Гжиба задавал вопросы о повадках зверей, об особенностях таежной жизни. Редкий случай: рабочий экзаменовал землемера, поступая к нему в отряд. Но Кандауров с улыбкой отвечал на вопросы.

— Поработаешь у нас, присмотришься, сам решишь: плохого мы желаем тайге и людям таежным или о них же заботимся, — заметил землемер.

— Ладно, — сказал охотник, — уж, видно, придется согласиться. А только помни: нанимаюсь я в работники, а не в няньки. И еще одно… — Гжиба медлил, подозрительно посматривая на Кандаурова.

— Смелее говори! — посоветовал землемер.

— С проверкой к вам иду. Согласен?

— Ну, полно! Какая там проверка. Я вижу, ты нам подойдешь.

Гжиба нахмурился, обжег землемера взглядом.

— Я-то подойду, опору нет, не об том хлопочу. Рот вы подойдете ли?

— Значит, ты нас будешь проверять? — улыбнулся землемер. — А иначе я не согласен. — Гжиба снова с решительным видом взялся за рубашку. — Не хочешь — не надо.

— Ладно. Договорились, — сказал отрывисто землемер. — Испытаем друг друга. Мне нужны такие веселые, смелые люди.

Я весе-елый, — согласился Гжиба, мрачно усмехаясь. — От меня народ прямо в пляс идет, до того веселый.

Кандауров, улыбаясь, вышел из избы.

— Погоди смеяться-то, — услышал он уже за порогом.

4

Поздно вечером к землемеру постучался Ли-Фу. Он держал за руку Настю. Поздоровавшись и не садясь на предложенный землемером стул, Василий Иванович взволнованно заговорил:

— Смотри, какой хороший девочка! Его послушный, смирный. — Ли-Фу погладил Настю по голове.

— Да, да, я знаю, — вмешался Миша. — Это его дочка. Она тоже ухаживала за мной, когда я болел. Чего же ты хочешь, Ли-Фу?

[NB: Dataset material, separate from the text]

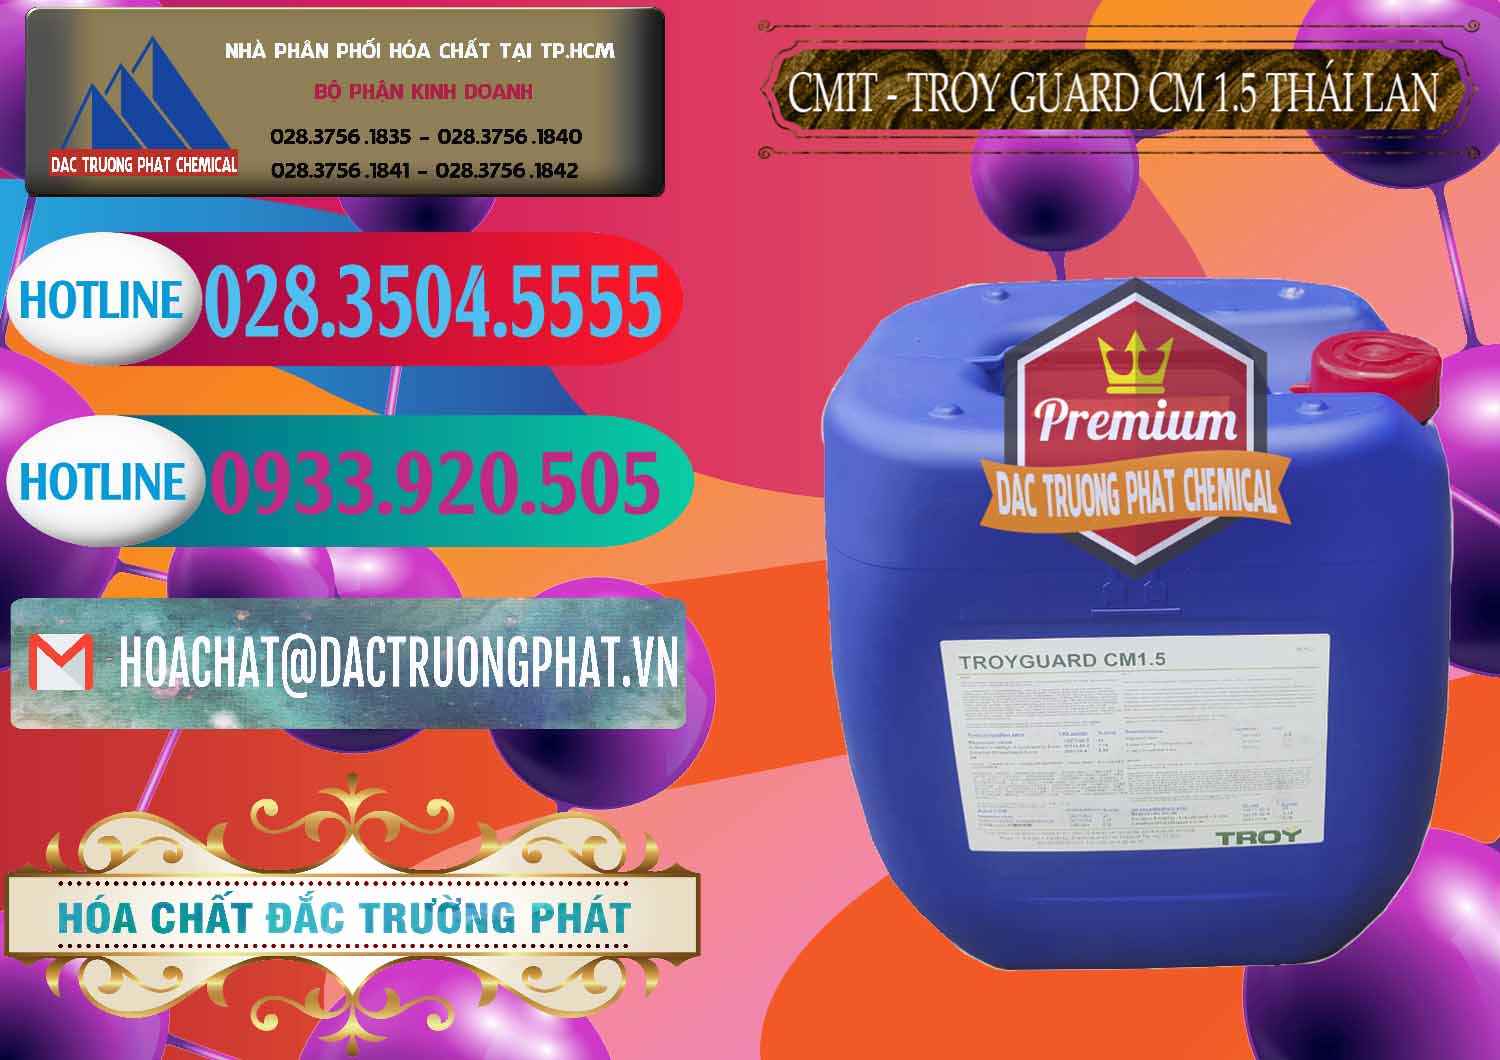 Cty chuyên phân phối & bán Chất Bảo Quản CMIT Thái Lan Thailand - 0326 - Nơi chuyên bán và cung cấp hóa chất tại TP.HCM - truongphat.vn
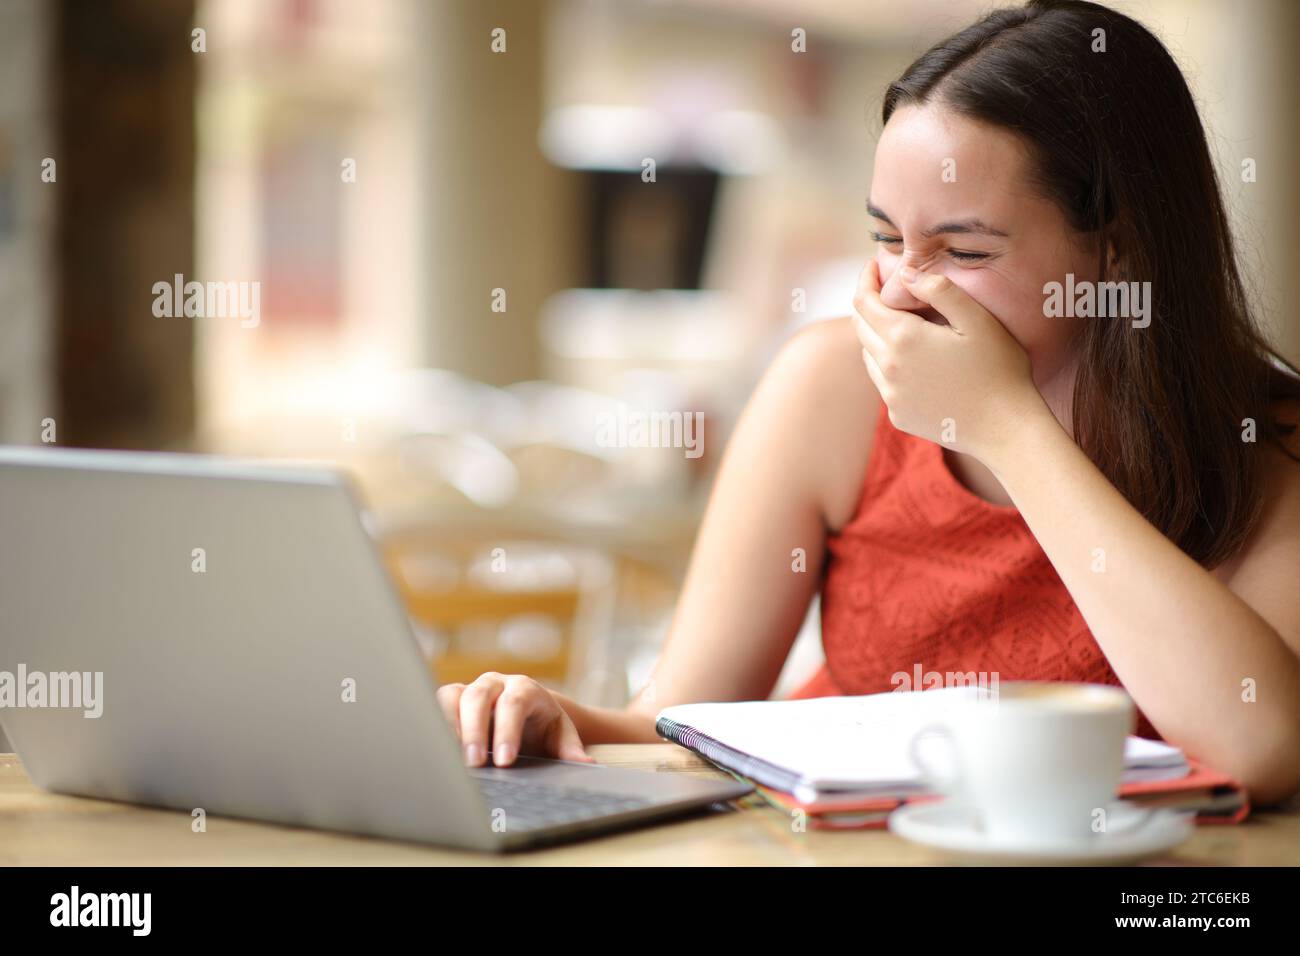 Estudiante feliz riendo fuerte viendo los medios de comunicación en el ordenador portátil en una terraza de la cafetería Foto de stock

— Его мама нету, его бедный сирота, — продолжал дунган, вздыхая и покачивая головой. — Моя тайга ходи, промышляй надо, его деревня оставляй. Чужой люди кругом. Моя сердце болит.

Из дальнейших сбивчивых объяснений Ли-Фу выяснилось, что он уходит в тайгу на промысел и ему не с кем оставить Настю. С собой взять нельзя, измучится он с ней, в деревне же народ грубоватый, а она обидчива: чуть что — убегает в тайгу и живет там, питаясь чем придется, недели по две, по три.

— Моя сердце болит, — повторил дунган, прикладывая руку к груди. — Возьми девочка отряд, пока моя тайга ходи. Его тебе кашу вари, помогай мала-мала. Тебе — добрый люди. Обижай девочка нету.

— Ну, что ты, Василий Иванович! — сказал землемер. — Мы не можем этого сделать. Она у тебя еще маленькая и стеснит нас, да и вообще непорядок это…

— Твоя не думай, — забеспокоился Ли-Фу, — его деньга плати не надо, его просто так живи. Его харчи кушай мало, а помогай много.

— Владимир Николаевич, я тоже прошу, — вмешался Миша. — В самом деле, возьмем девочку. Ну, право же, честное слово, она нас не стеснит!

— Ты отдаешь себе отчет в том, что говоришь?

Миша знал, что бесполезно уговаривать землемера.

Если Кандауров что-нибудь решал, то решал бесповоротно.

Все же Миша сделал еще одну попытку уговорить его. Отозвав землемера к окну, Миша стал торопливо шептать ему на ухо, сгорая со стыда и за него и за себя:

— Ну, Владимир Николаевич, почему вы не соглашаетесь? Повторяю вам, что девочка нам не помешает. Ручаюсь за нее, как за самого себя. Вот увидите…

Миша искоса взглянул на землемера, и, видя, что лицо его так же непреклонно, нахмурился и махнул рукой.

— Я вижу, у вас нет сердца. Не хотите помочь человеку. И потом, в какое положение вы ставите меня! Денег он не берет. Как вы не понимаете! Ведь я в долгу перед ним.

Лицо землемера смягчилось. Он положил Мише руку на плечо.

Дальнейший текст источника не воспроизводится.